Tulipa saxatilis

Common Name: candia tulip 
Type: Bulb
Family: Liliaceae
Native Range: East Aegean Islands, Crete, Turkey
Zone: 3 to 8
Height: 0.50 to 0.75 feet
Spread: 0.50 to 0.75 feet
Bloom Time: April
Bloom Description: Rosy pink to pale lilac
Sun: Full sun
Water: Medium
Maintenance: Low
Suggested Use: Naturalize
Flower: Good Cut
Tolerate: Black Walnut


Easily grown in average, medium, well-drained soil in full sun. Best in somewhat gritty soils and generally tolerant of poor soils as long as drainage is good. Plant bulbs 5-6” deep in fall. Remove flower stems promptly after bloom to prevent seed formation, but leave foliage in place until it yellows. This species tulip is stoloniferous and will naturalize itself in the garden and perform well over a longer period of years than most of the hybrid tulips sold in commerce today.
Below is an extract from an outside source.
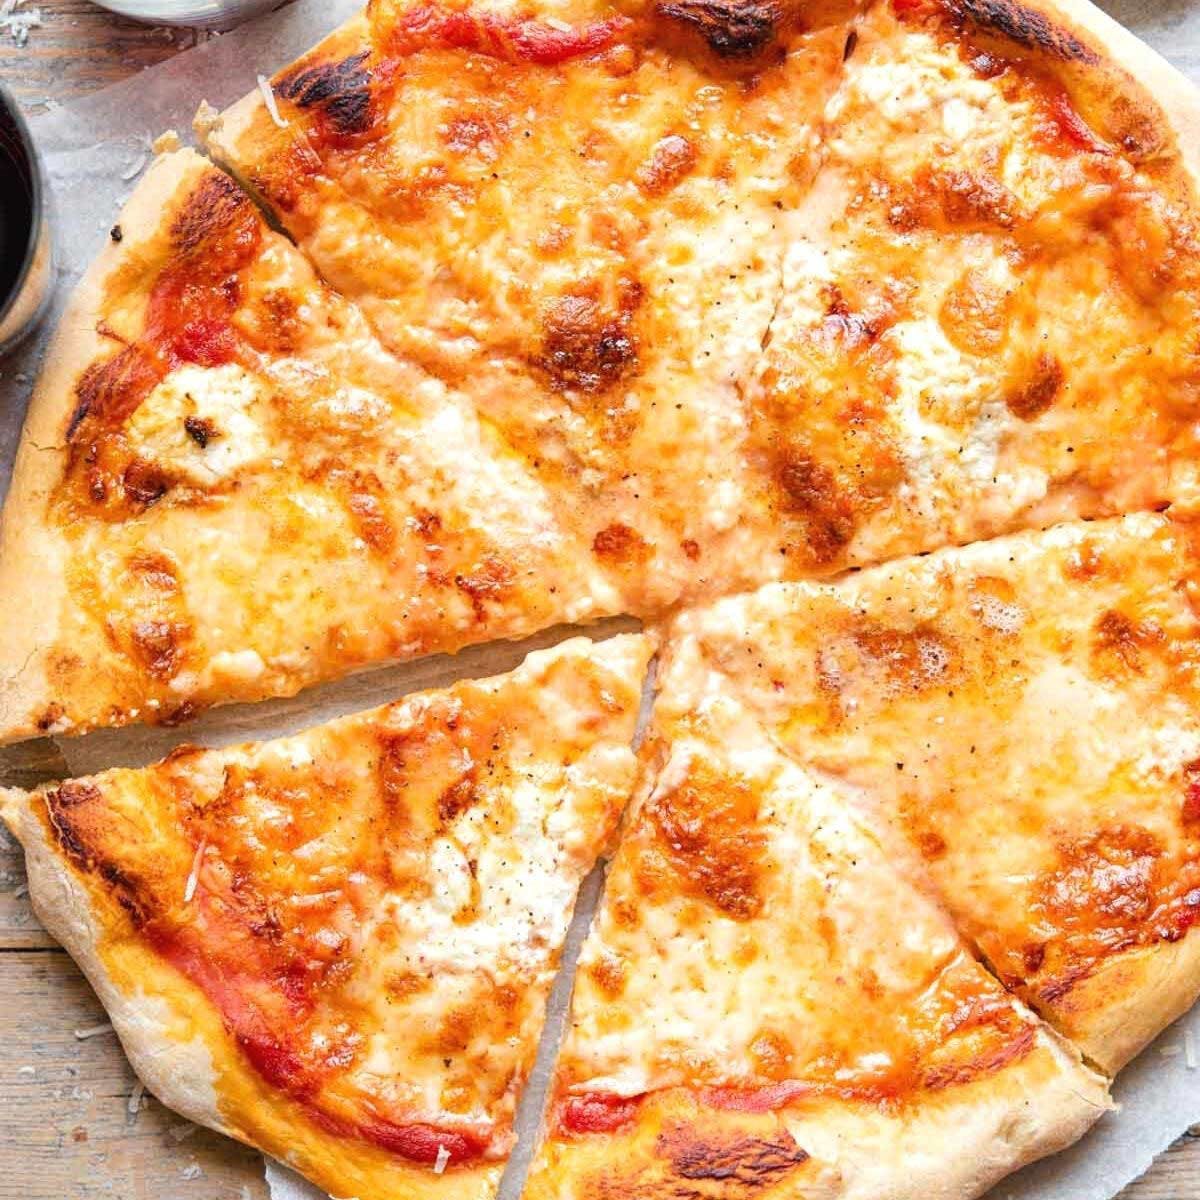 Marco Polo Pizza & Italian Restaurant hero

Noteworthy Characteristics

Tulipa saxatilis is native to rocky fields in Crete. It is a low-growing species tulip (Division 15) that produces mildly fragrant, flattened cup-shaped, pale lilac flowers (1-4 flowers per stem) with yellow inside basal blotches edged with white. Fully open flowers have a star-like appearance. Flowers appear on 8-10" stems in April. Glossy green leaves.

Genus name comes the Latinized version of the Turkish name tulbend meaning a turban.

Specific epithet means found among rocks.


No serious insect or disease problems. Gray mold, stem rot and basal rot are occasional problems.


Rock gardens. Also effective in beds, border fronts or around trees or shrubs. This compact tulip is effective in small groupings of at least 12-15 bulbs or massed into larger drifts. Can be naturalized in cottage gardens or wild gardens.